Table 7 compares the average flight time, average path length, and task completion rate of APF, Ge-Apf, and LSTM-DQN-APF under windy and non-windy conditions. The LSTM-DQN-APF algorithm shows significant advantages in average flight time, average path length, and task completion rate under both windy and non-windy conditions. In contrast, the APF algorithm has many issues in both environments. Under windless conditions, when applying APF, the UAV reached an unreachable target state after flying for 20 s, resulting in increased experimental time and path length. In windy conditions, the APF algorithm causes the UAV to be affected by the wind field, deviating from the target point. After flying for 15 s, it gets trapped in a local minimum. Under the influence of the wind field, the virtual UAV in the simulation environment experiences multiple collisions and fails to find the correct path for an extended period. This not only increases the experimental time and flight path length but also potentially introduces safety risks in practical applications. While the Ge-Apf algorithm outperforms APF in certain aspects, its overall performance is still inferior to LSTM-DQN-APF. This indicates that the LSTM-DQN-APF algorithm has better performance and adaptability in path planning and flight control for UAVs, especially in complex environments (such as wind fields), providing more reliable algorithmic support for the application of UAVs in real-world complex environments.

5. Discussion

In this paper, by means of virtual–real combination, the proposed LSTM-DQN-APF is verified to be able to effectively solve the local minima, target unreachability, and time-varying problems in complex battlefield environments faced by the traditional artificial potential field method in UAV trajectory planning. The virtual–reality interaction system therein presents the physical entity in digitalization with a multi-dimensional, multi-space, multi-scale model and takes the multi-source heterogeneous data as a link, connects the physical entity with the virtual space operation in real time, maps it in real time, and refreshes it in real time; constantly improves the model and parameters of the simulation environment; gradually improves the realism of the simulation environment; improves the credibility of the simulation results; and reduces the difficulty of migrating from the simulation environment to the real environment.
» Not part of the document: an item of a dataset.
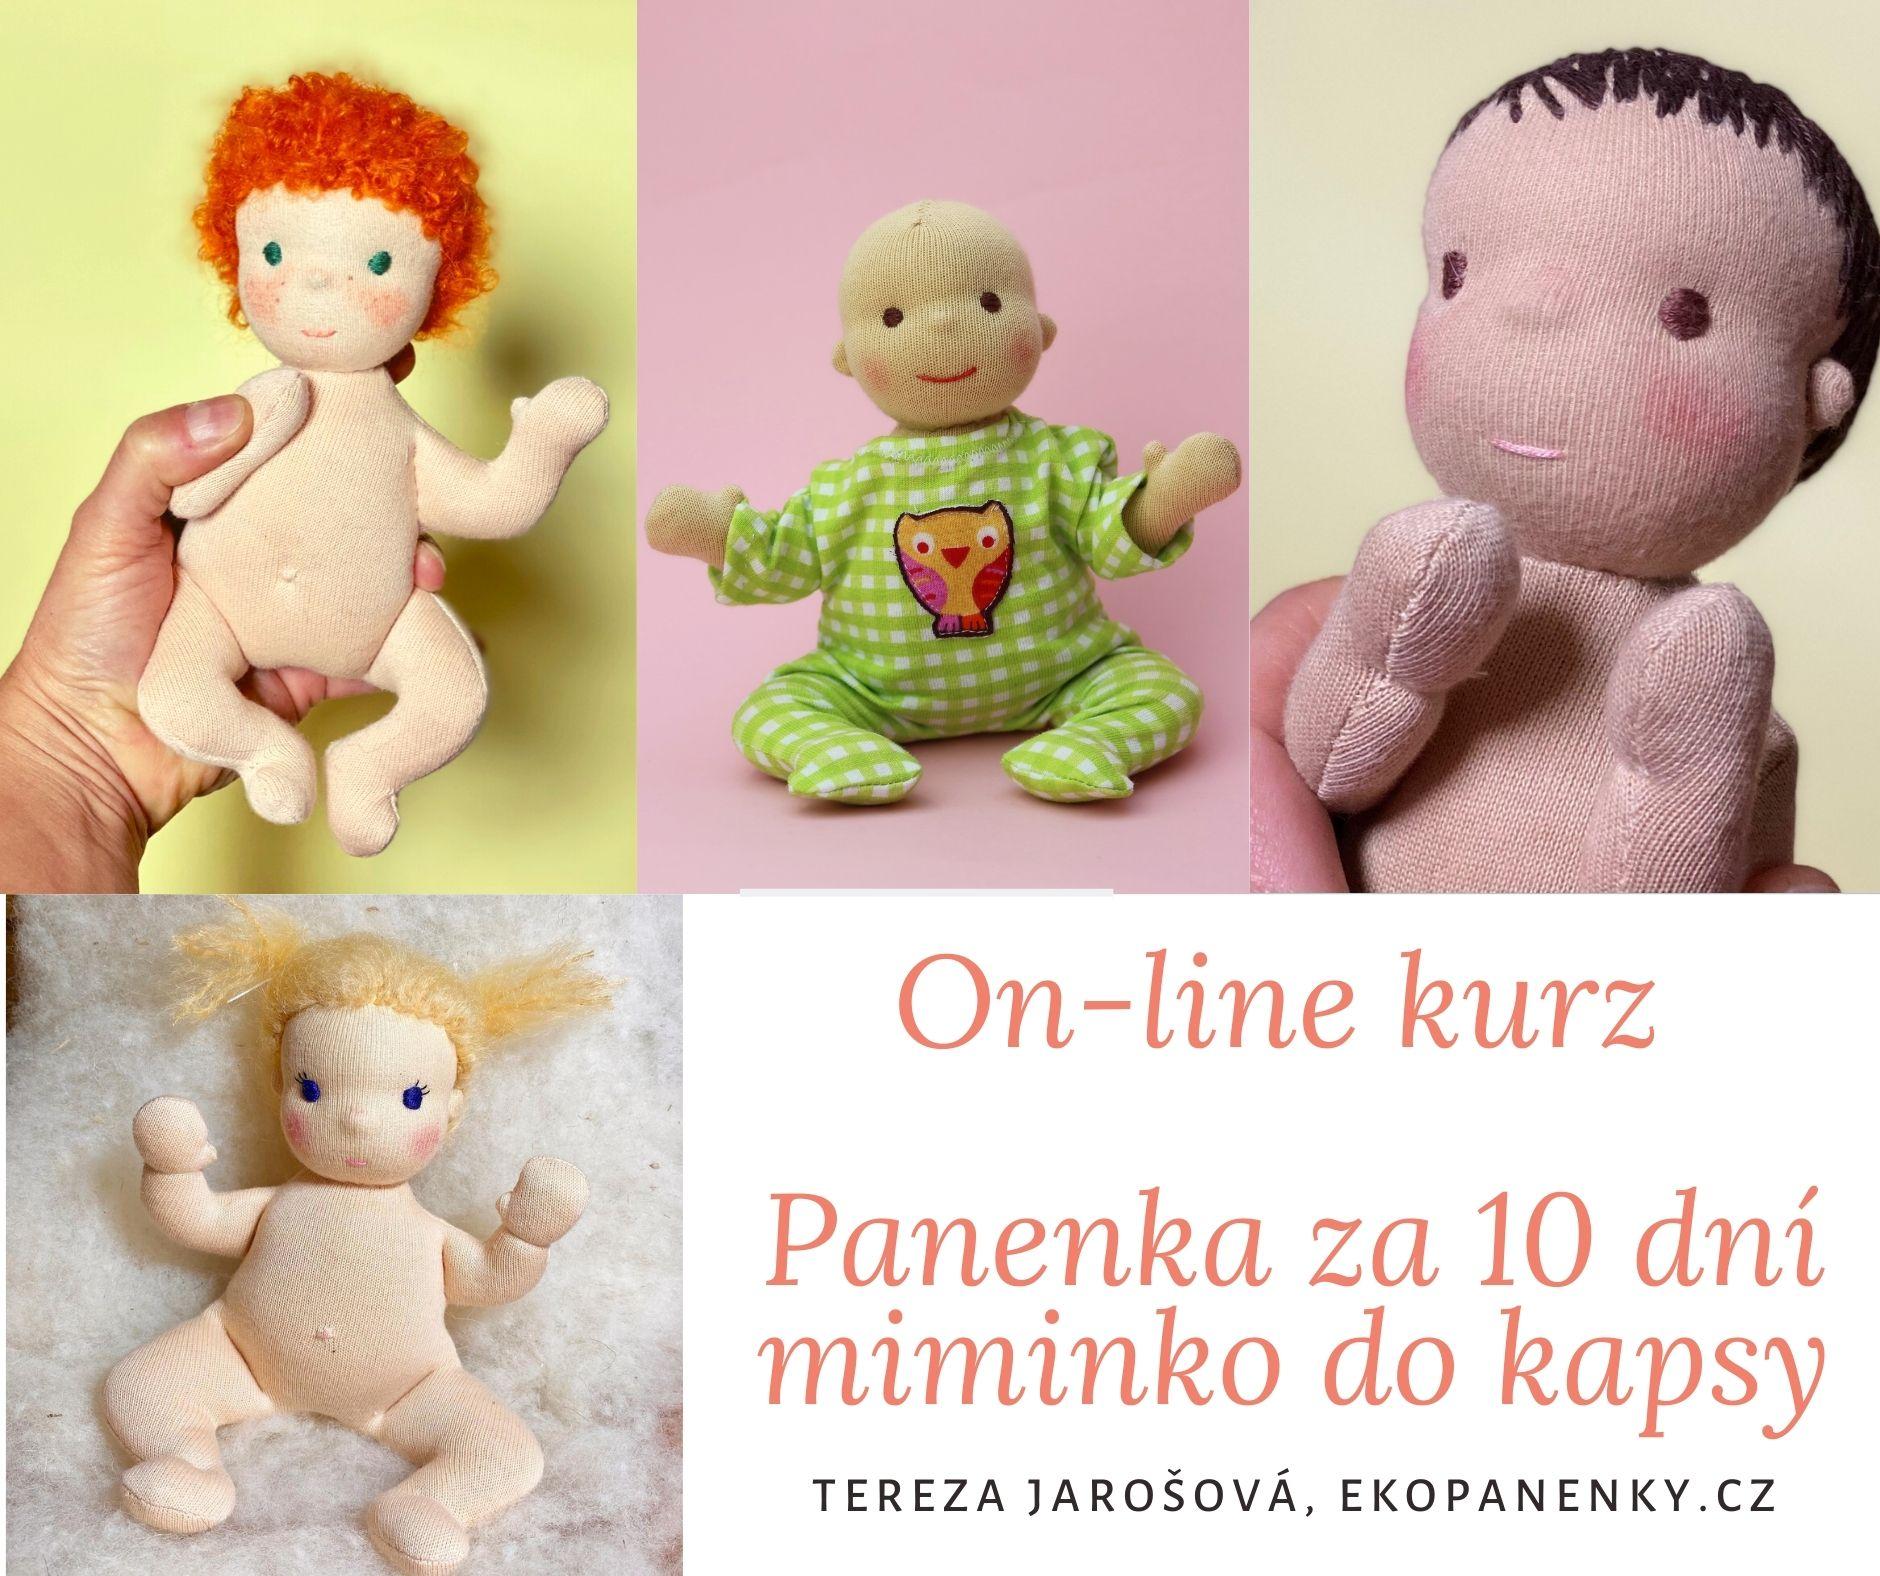 On-line kurz Panenka za 10 dní

The final goal is to improve the simulation environment with the help of the virtual space simulation. The ultimate goal is to further improve the physical entity verification capability based on digital twin technology by means of simulation and visualization in virtual space.

Author Contributions

Conceptualization, Y.L. and Y.F.; methodology, X.W.; software, X.W.; validation, Y.L.; formal analysis, Y.L.; investigation, S.Q.; resources, Y.F. and Y.Y.; data curation, Y.Y. and M.D.; writing—original draft preparation, X.W.; writing—review and editing, Y.L.; visualization, M.D.; supervision, Y.L.; project administration, Y.F.; funding acquisition, Y.F. All authors have read and agreed to the published version of the manuscript.

Funding

This research received no external funding.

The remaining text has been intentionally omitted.